You need data, not opinions. Today, you're going to run a controlled A/B test: the exact same task, executed twice — once with a bare Cowork session (no project, no context files, no instructions) and once with a fully configured project. You'll score both outputs using the same rubric and produce a comparison document that settles the debate with evidence.
This tutorial is deliberately structured as a scientific experiment. You define the hypothesis ("context files improve output quality"), control the variables (same prompt, same model, same task), measure the results (structured scoring rubric), and draw conclusions from data.
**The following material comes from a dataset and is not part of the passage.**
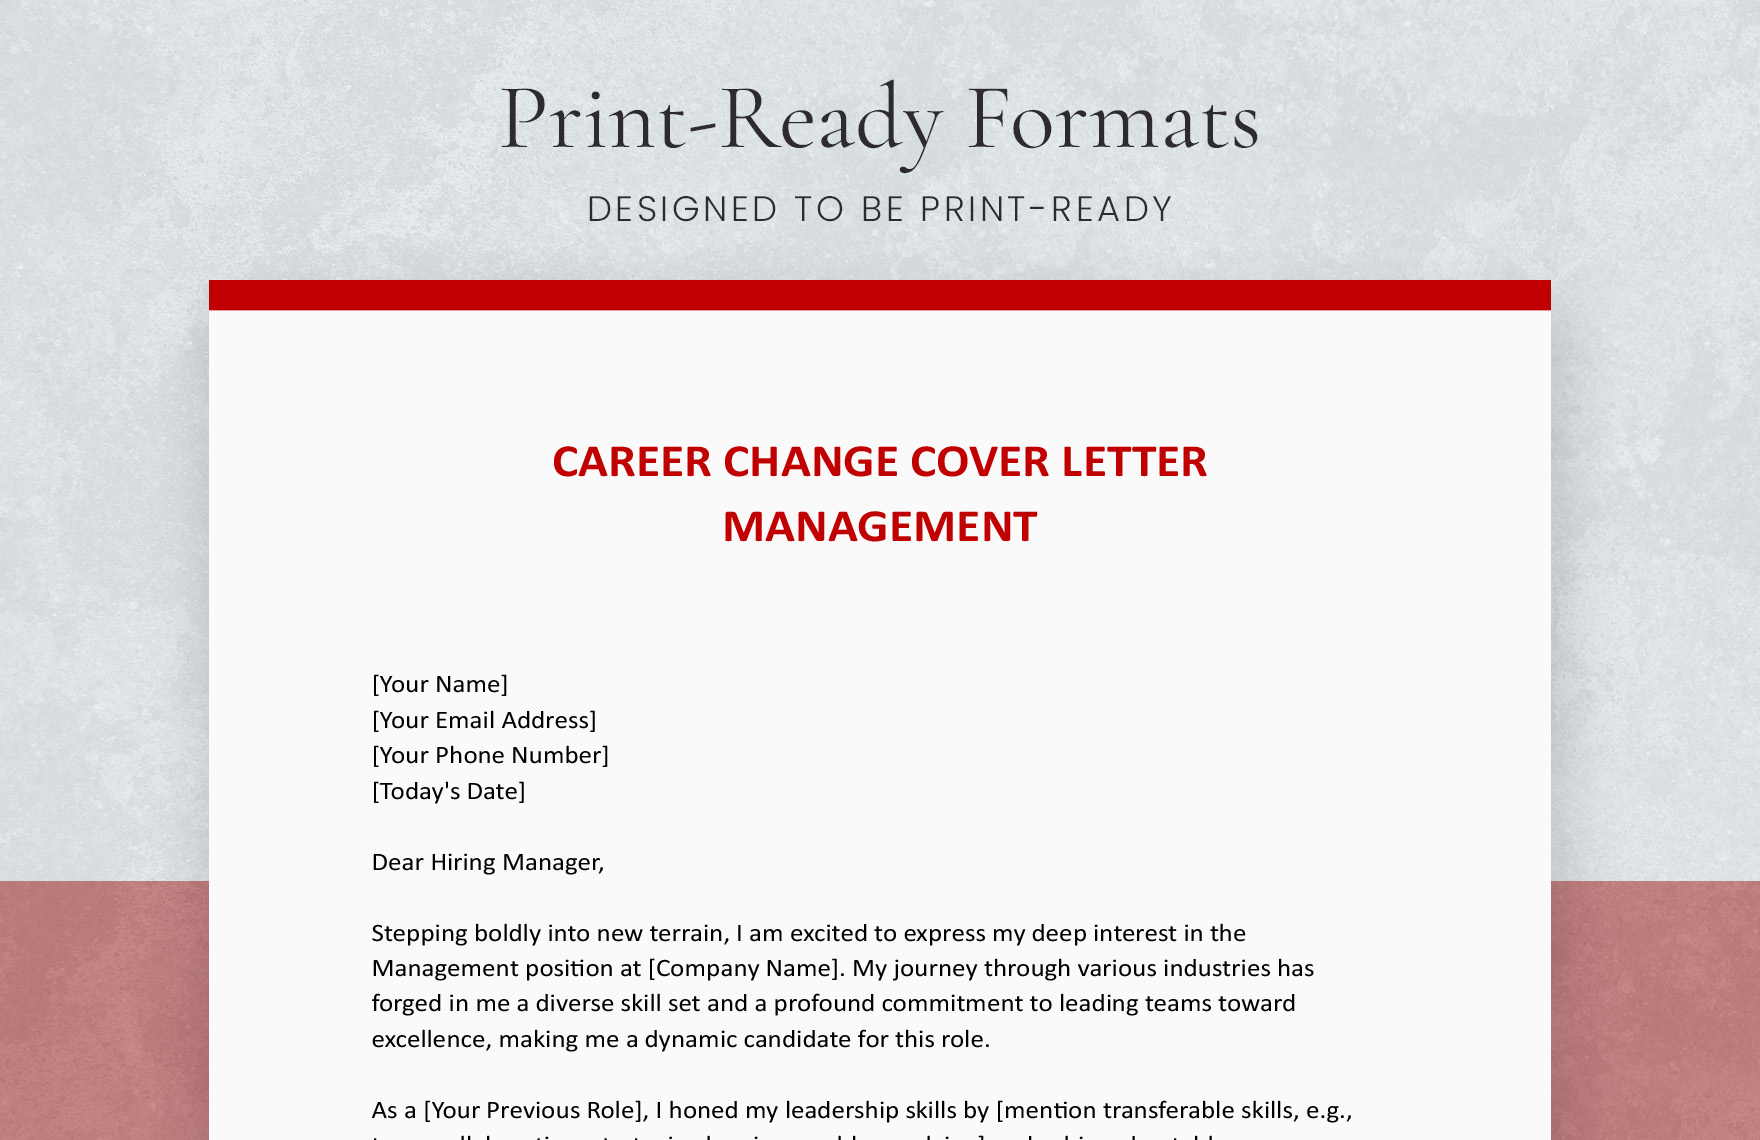 Career Change Cover Letter Management

The rigour matters — it's the difference between "I think it helps" and "here's the measured improvement across six dimensions."
What You'll Learn
By completing this A/B test, you'll be able to:
- Design a fair, controlled comparison between configured and unconfigured Cowork sessions
- Build and apply a structured scoring rubric that eliminates subjective bias
- Quantify the quality improvement from context files across multiple dimensions
- Calculate the time-to-value of context file setup (setup cost vs per-task savings)
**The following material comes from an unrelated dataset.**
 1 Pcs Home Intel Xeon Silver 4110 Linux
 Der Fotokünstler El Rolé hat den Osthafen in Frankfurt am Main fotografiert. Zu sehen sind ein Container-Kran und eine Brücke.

- Present evidence-based findings to a sceptical stakeholder
Prerequisites
- Claude Desktop with Cowork enabled (Pro or Max plan)
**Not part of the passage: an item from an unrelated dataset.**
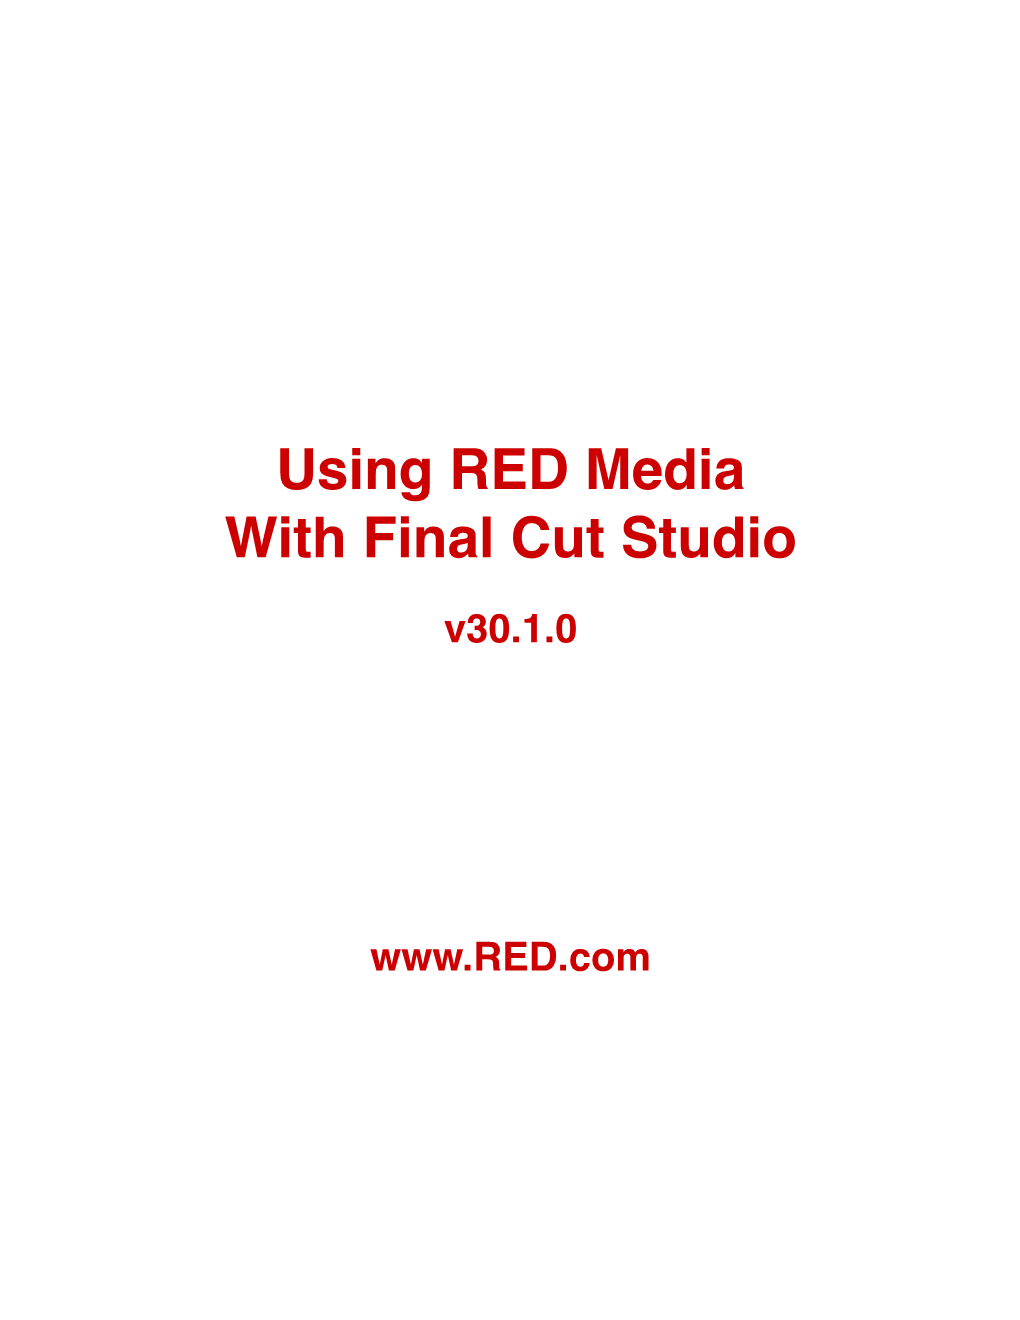 RED FCS Whitepaper V3

- A configured Cowork project with context files and Project Instructions (if you completed "The Cowork Colleague Setup" tutorial, use that project)
- A complex, realistic task that you can run twice — something with enough nuance that context actually matters (a client email, a report section, a proposal draft)
- 15 minutes to design a fair scoring rubric before you start
For this test to be valid, you must not prime either session. Run the bare session first, completely cold — no preamble, no "by the way, I prefer British English," no context whatsoever. If you leak context into the bare session, the comparison is contaminated.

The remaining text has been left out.